There are higher burdens for IVD manufacturers as well. Approximately 80-90% of all IVD’s will need some level of Notified Body intervention, compared to only around 10-20% under the former Directive. Also, for companion diagnostics, a large number of assays that were self-declared under the IVD Directive are moved to Class C under the IVD Regulation, requiring Notified Body assessment for the first time. New clinical evidence requirements for IVD’s will be necessary to ensure that an acceptable level of evidence is available.
Persons Responsible for Regulatory Compliance and Vigilance
Both the manufacturer and the Authorized Representative must appoint a person for their own entity with formal qualification of two years’ experience, or five years’ experience if no formal qualification, in a Quality Assurance/Regulatory Affairs role. Responsibilities include batch release, maintaining Technical Documentation and vigilance overview. Most of the current medical device guidance on vigilance is incorporated into the regulations and is compulsory. However, current 30-day reporting is reduced to 15 days, and there is a central portal for reporting with increased focus on trend reporting.
The introduction of the EU MDR obligates medical device manufacturers to invest in additional technology to enable the fast and accurate application of traceability coding to products and packaging at the individual item level.
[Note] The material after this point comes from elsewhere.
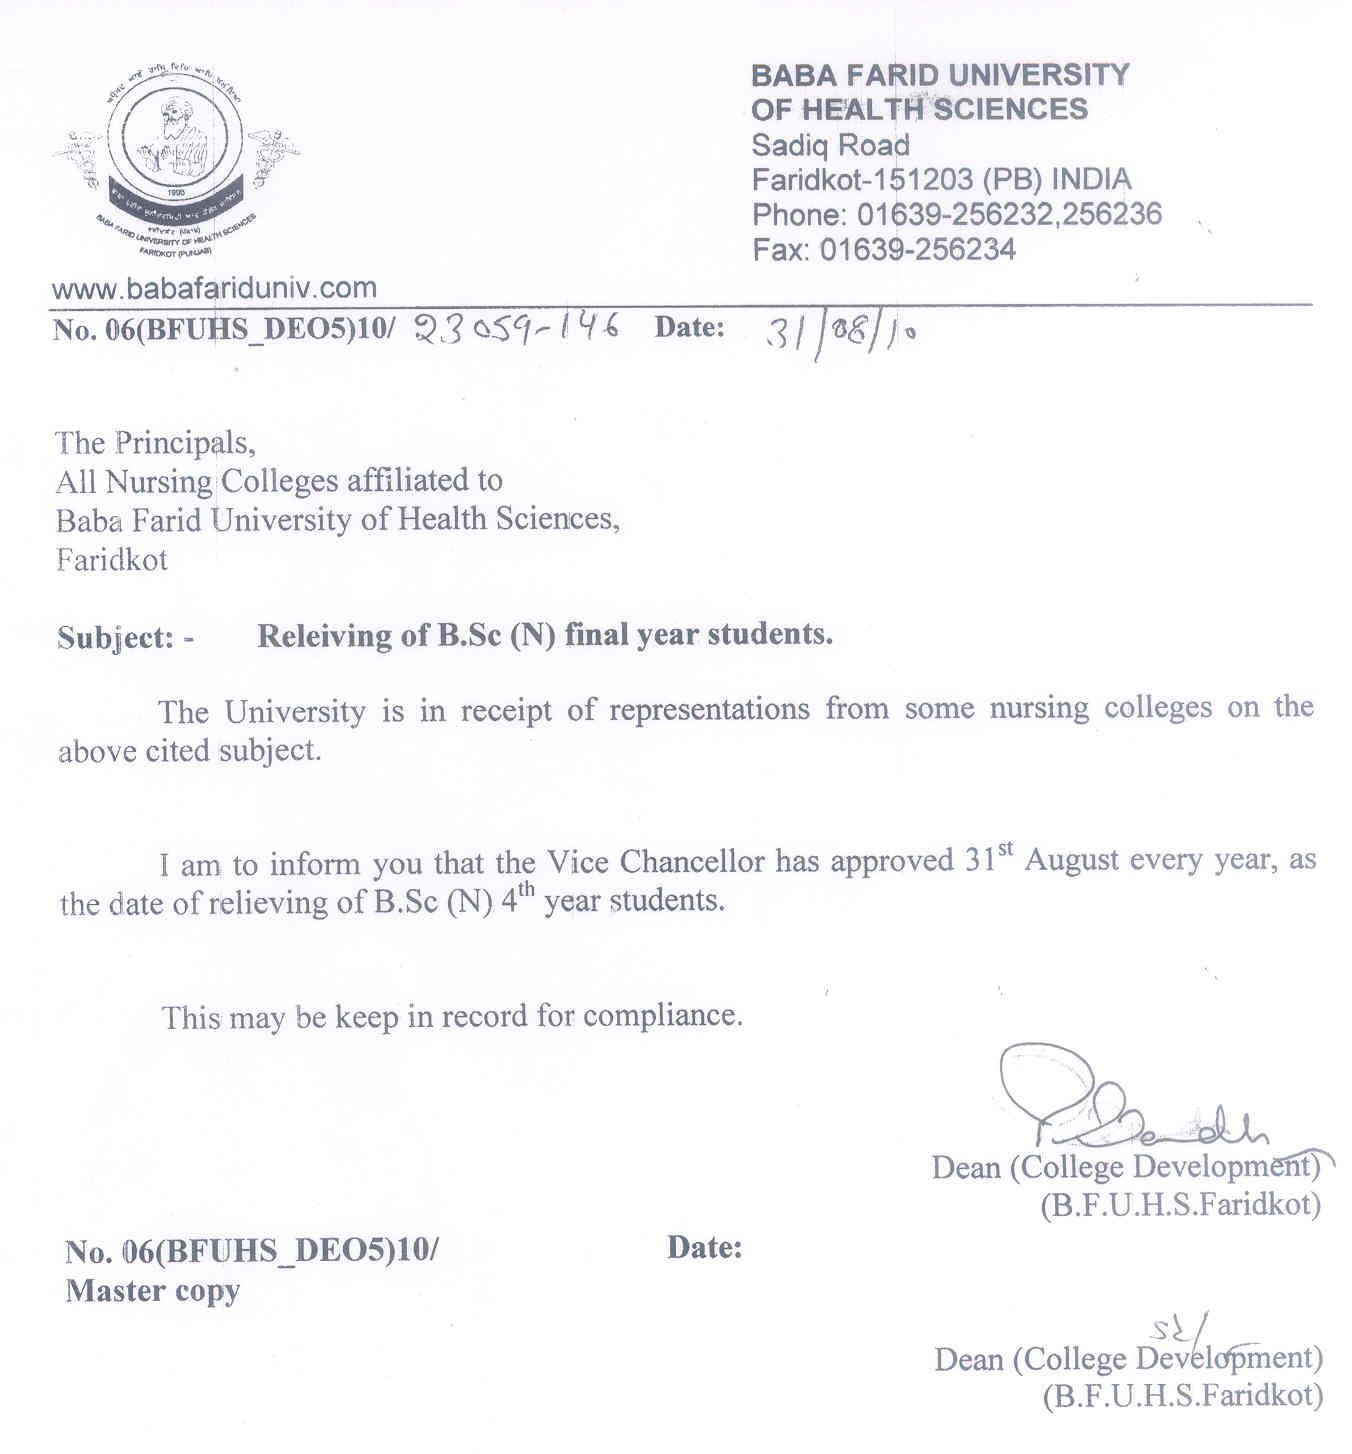 nursing letter of resignation baba farid university of health – Nursing Letter of Resignation
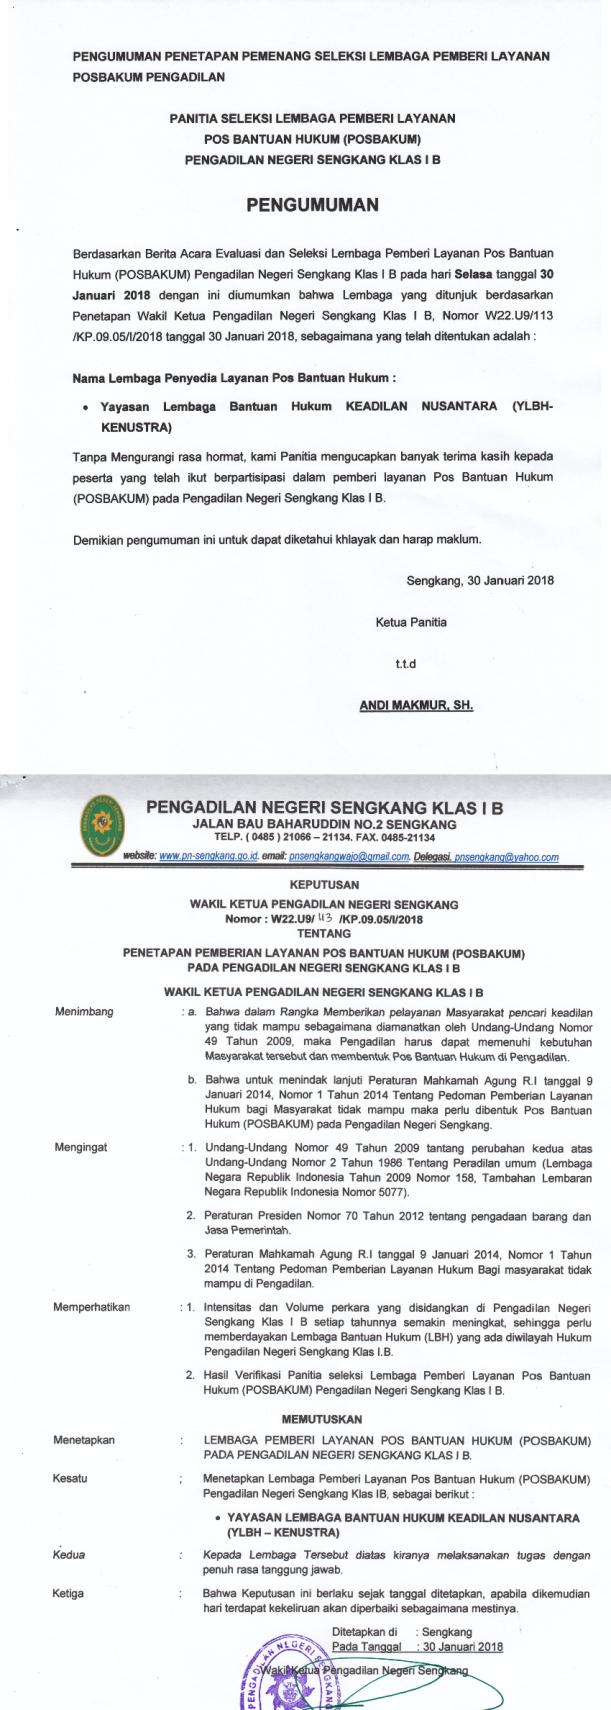 Pengumuman Lembaga Penyedia Layanan Pos Bantuan Hukum

Failure to comply may result in withdrawal of products from sale. A new prescribed format of technical documentation with additional detail required to ensure presentation in a clear, organized, readily searchable way is a crucial change. The essential requirements are being replaced with “safety and performance requirements” which will necessitate technical files to be re-written. All of the new changes might also affect registrations outside the US which rely on CE marking. Even though transitional grace periods are in place, due to the complexity and level of effort required, manufacturers should begin immediately to work to ensure compliance before May 2020 for medical devices and 2022 for in vitro diagnostic devices.
Ensuring Your Organization Is Prepared
The new EU regulations for medical devices and in vitro diagnostic medical devices pose new regulatory hurdles and require significant changes. As May 2020 approaches, consider having an independent assessment to determine your organizational readiness to ensure compliance with the new regulations.